Select two lengths $${m}_{1}$$ and $${m}_{2}$$ such that the multiple application of $${\mathcal{G}}$$ composes to the identity $${{\mathcal{G}}}^{{m}_{1}}={{\mathcal{G}}}^{{m}_{2}}={\mathcal{I}}$$.

3. 3.

Perform the following sequence for each Pauli matrix $$P\in {\sf{P}}$$, length $$m\in ({m}_{1},{m}_{2})$$, and $$l\in (1,\ldots ,L)$$, where $$L$$ describes the number of random sequences per Pauli.

1. 3a.

Select $$m+1$$ random $$N$$-qubit Pauli cycles $${{\mathcal{R}}}_{0},{{\mathcal{R}}}_{1},\ldots ,{{\mathcal{R}}}_{m}$$, and define the randomized circuit

$${\mathcal{C}}(P)={{\mathcal{R}}}_{m}{\mathcal{G}}{{\mathcal{R}}}_{m-1}{\mathcal{G}}\ldots {{\mathcal{R}}}_{1}{\mathcal{G}}{{\mathcal{R}}}_{0}$$
(5)

as illustrated in Fig. 1.

2. 3b.

Calculate the expected outcome of the sequence $${\mathcal{C}}(P)$$ assuming ideal gate implementations.

3. 3c.

Main experiment: Implement $${\mathcal{C}}(P)$$ and estimate the overlap

$${f}_{P,m,l}={\rm{Tr}}[{\mathcal{C}}(P)\ \tilde{{\mathcal{C}}}(\rho )]$$
(6)

between the expected outcome and the noisy implementation $$\tilde{{\mathcal{C}}}(\rho )$$ for some initial state $$\rho$$ that is a $$+1$$-eigenstate of $$P$$. State preparation and measurement are realized by applying the operations $${\tilde{{\mathcal{B}}}}_{P}$$ and $${\tilde{{\mathcal{B}}}}_{{\mathcal{C}}(P)}^{\dagger }$$ that are described in Supplementary  Note 2.

4. 4.

Estimate the composite process fidelity via

$${F}_{{\rm{RC}}}(\tilde{{\mathcal{G}}},{\mathcal{G}})={\sum _{{P}\in {\sf{P}}}}\frac{1}{|\sf{P}| }{\left(\frac{{\sum }_{l=1}^{L}{f}_{P,{m}_{2},l}}{{\sum }_{l=1}^{L}{f}_{P,{m}_{1},l}}\right)}^{\frac{1}{{m}_{2}-{m}_{1}}}.$$
(7)

Step 1 ensures that the action of the $$N$$-qubit process is accurately estimated. In Supplementary Note 5, we prove that the uncertainty of the fidelity estimate is independent of the number of qubits $$N$$, and the number of Pauli matrices $$K$$ that need to be sampled depends only on the desired precision. This highlights the scalability of the protocol for large quantum processors.

Step 2 ensures that the measurement procedures for circuits in Eq. (8) with two different values of $$m$$ are the same. Having the same measurement procedures for the two values of $$m$$ is crucial to decouple the SPAM errors from the decay in the process fidelity via the ratio in Eq. (7). In our experiment, we always choose $${m}_{1}=4$$ and $${m}_{2}$$ to be an integer multiple of 4, as, for the considered gates, applying the operation four times subsequently yields the identity process $${{\mathcal{G}}}^{4}={\mathcal{I}}$$.

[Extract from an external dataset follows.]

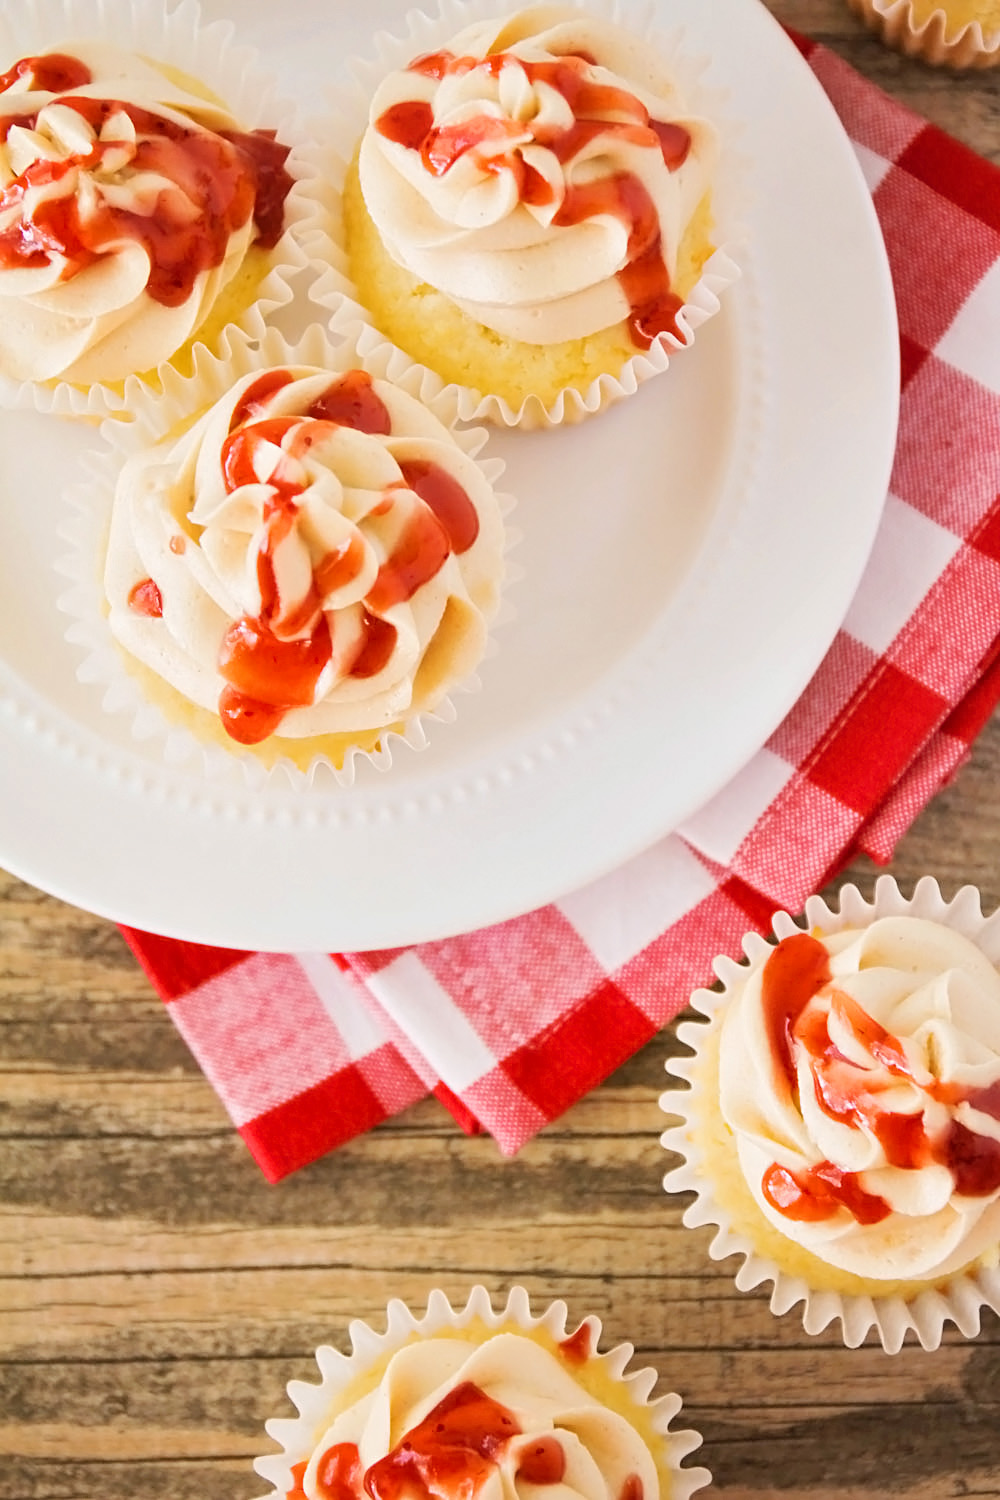 These peanut butter and jelly cupcakes are so fun and delicious! Tender white cake filled with strawberry jam and topped with a delicious peanut butter buttercream. Yum!

In step 3a, we choose random Pauli cycles to engineer an effective Pauli noise process across the $$L$$ randomizations. This enables us to extract a process fidelity from the decay of $${\sum }_{l=1}^{L}{f}_{P,m,l}/L$$ with the sequence length $$m$$. Note that unlike typical randomized benchmarking protocols, the above protocol does not have an inversion gate. Formally, the final random Pauli can be regarded as a correction gate for the random Pauli gates in the rest of the circuit composed with another random Pauli that we use to isolate exponential decays as in character benchmarking29.

In step 3b, for any Clifford cycle $${\mathcal{G}}$$, Pauli matrix $$P$$, and Pauli cycles $${{\mathcal{R}}}_{0},\ldots ,{{\mathcal{R}}}_{m}$$, the expected outcome of the ideal implementation $${\mathcal{C}}(P)$$ is a Pauli matrix that can be efficiently calculated. Note that only the sign of $${\mathcal{C}}(P)$$ depends on the random Pauli cycles. This sign is accounted for when estimating the expectation value with the procedure outlined in Supplementary Note 2. Incorporating the sign engineers a measurement of the expectation value of $${\mathcal{C}}(P)$$ that is robust to SPAM errors, as otherwise the expectation values result from a multi-exponential decay24,29.

In step 3c, we experimentally prepare an eigenstate of a Pauli matrix $$P$$, apply a circuit $$\tilde{{\mathcal{C}}}$$ with interleaved random Pauli cycles, and measure the expectation value of $${\mathcal{C}}(P)$$. The explicit procedures we use for preparing the eigenstate and measuring the expectation value are described in Supplementary Note 2. As discussed in Supplementary Note 5, the number of measurements required to estimate the expectation value to a fixed additive precision is independent of the number of qubits.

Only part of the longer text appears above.